In the eyes of EFCA supporters, they are restoring free choice by eliminating [the] period between card signing and election in which employees are open to maximum employer influence, both lawful and unlawful (influence through campaign letters and forced attendance meetings being generally lawful; coercion and intimidation being unlawful, but not uncommon).

Rather than taking a hard line against the entire EFCA bill, George urges business leaders to be more moderate in their approach:

It is important for the business community to press hard, but do so in a way that recognizes that as a matter of federal law collective bargaining is deemed central to American labor policy, and that it may in fact help some workers in these times. The fundamentals of the National Labor Relations Act were, after all, passed as part of the New Deal — precisely for the reasons the EFCA may now look attractive.
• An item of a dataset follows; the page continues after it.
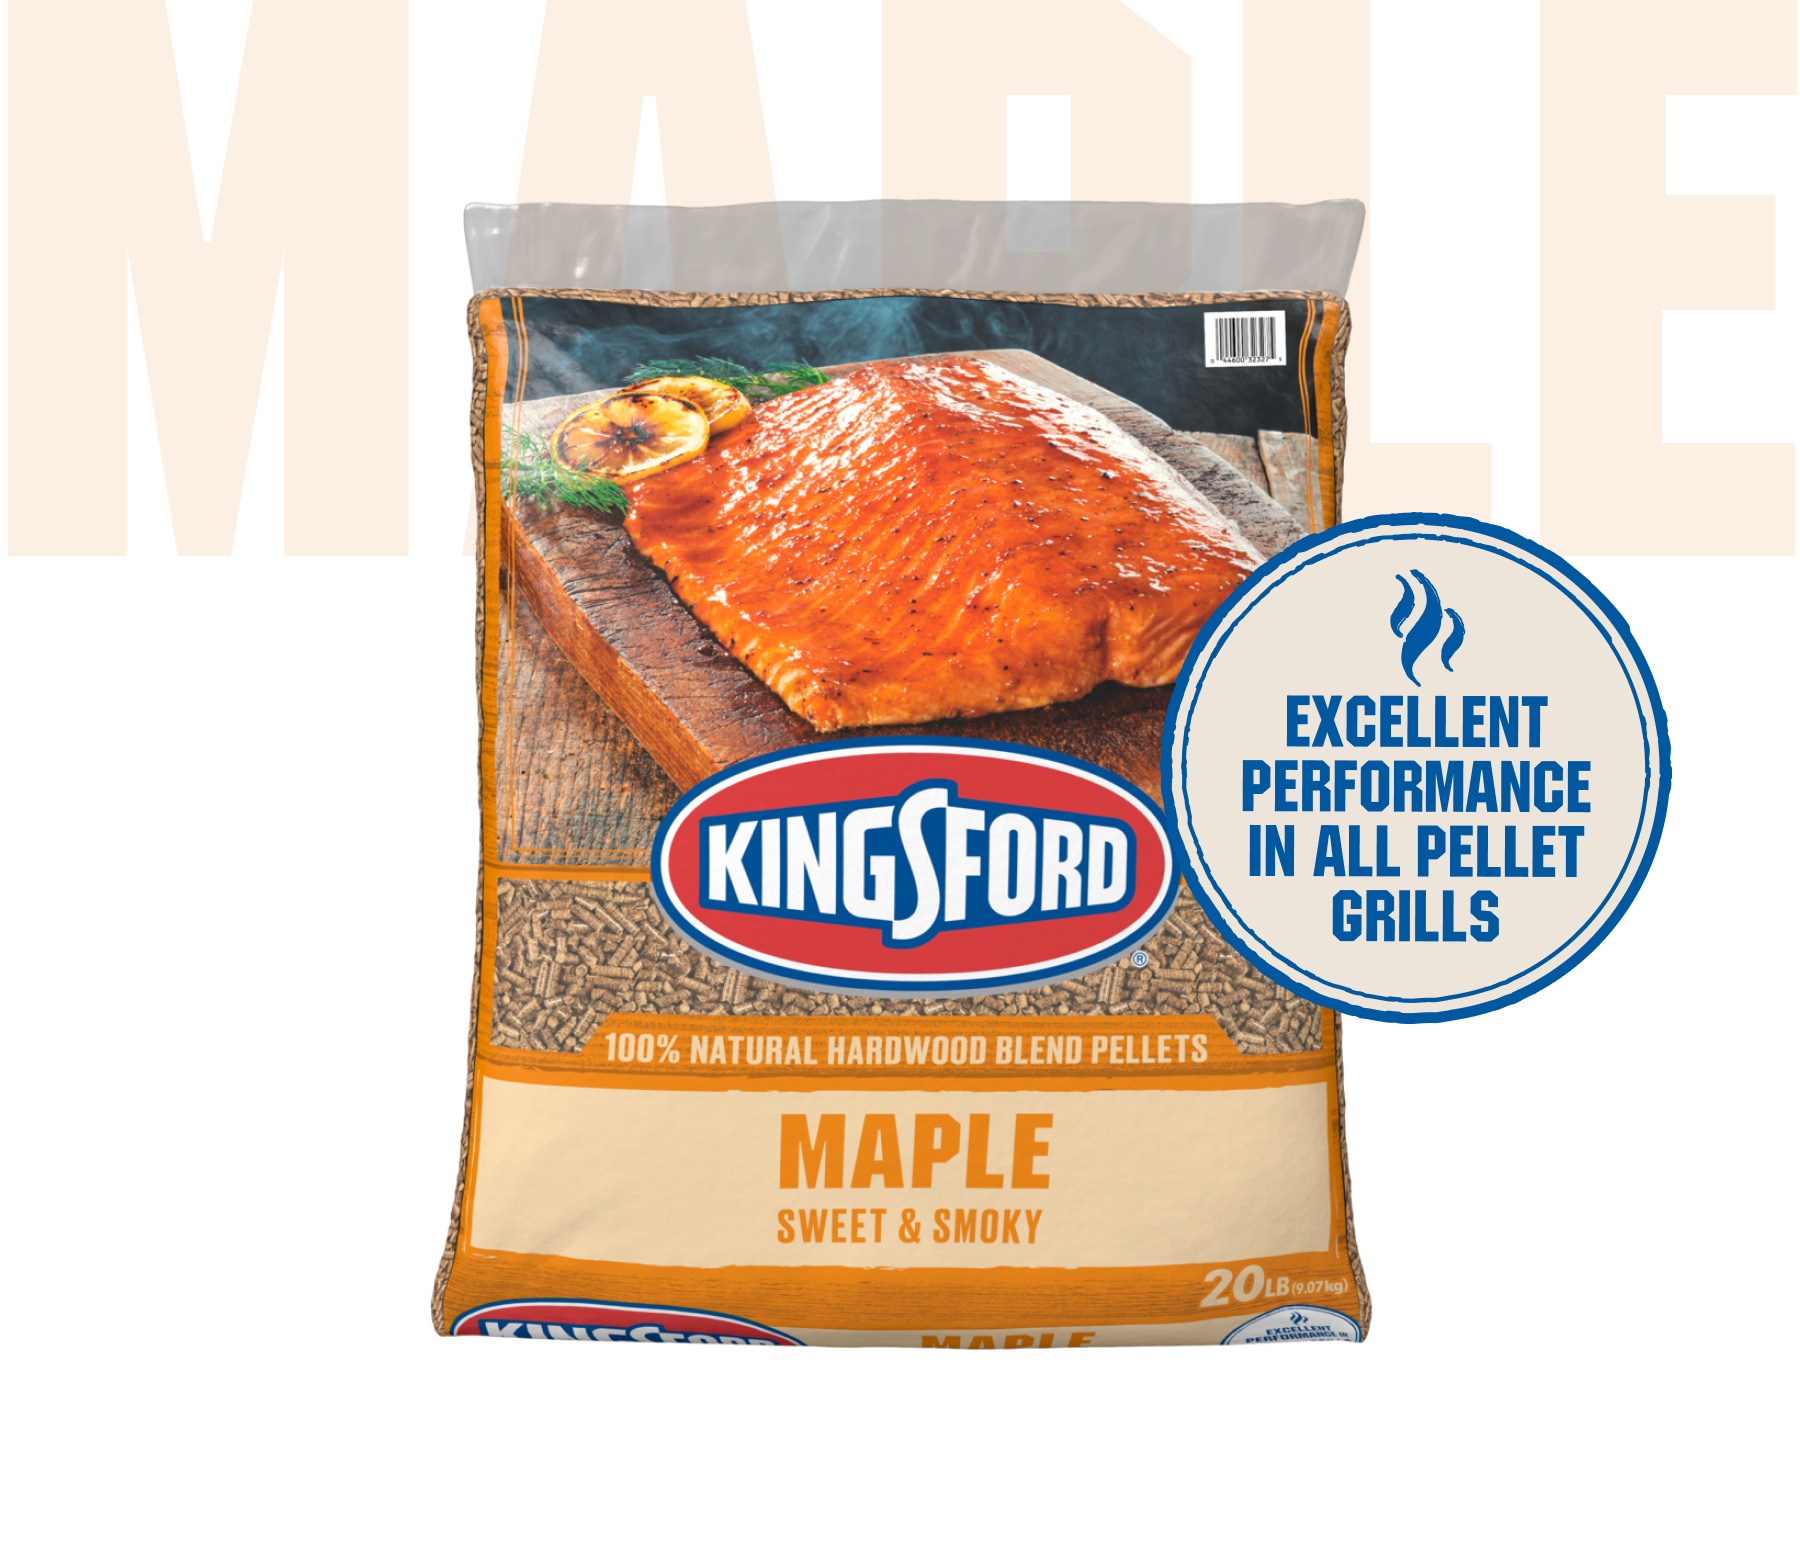 Kingsford® 100% Natural Hardwood Blend Pellets, Maple, 20 lb

Business opposition should also realistically recognize that the law could in fact use some reforms to improve enforcement and streamline a cumbersome process.

A successful compromise that does not give the unions all that they ask for would, I think, be in the best interests of the new administration and the country, and I think moderate business voices will be heard and considered by the Obama people just as much as the traditional Democratic Big Labor constituency.

EFCA Compromises Possible?

In his comments on Jessica’s piece, George says that even some of the original Democratic supporters of the EFCA are now having second thoughts. Given the moderate tone set by the first days of Obama’s administration — and his proven willingness to listen to all sides of a debate — there may well be an opportunity to create a compromise bill that takes both labor’s and employers’ needs into account.

As George has said, there are real issues with the current system for organizing workplaces. Employers do violate current law and, in ways both legal and illegal, pressure workers against collective bargaining.

On the other hand, George and other business leaders are right: the secret ballot is a fundamental right. It’s a right we have when electing our political representatives — why would we want to take that right away from workers by implementing the proposed card check provision?

Better approaches might include holding the organizing election on neutral ground, limiting the time between the initial card collection and the organizing election, and, yes — imposing harsh penalties on anti-union coercion of employees and foot-dragging bargaining tactics.

There are probably a host of other potential solutions as well. But we won’t find them unless everyone involved — labor leaders, business leaders, attorneys like George, recruiters like Jessica, and workers and all levels of management alike — become involved in the discussion.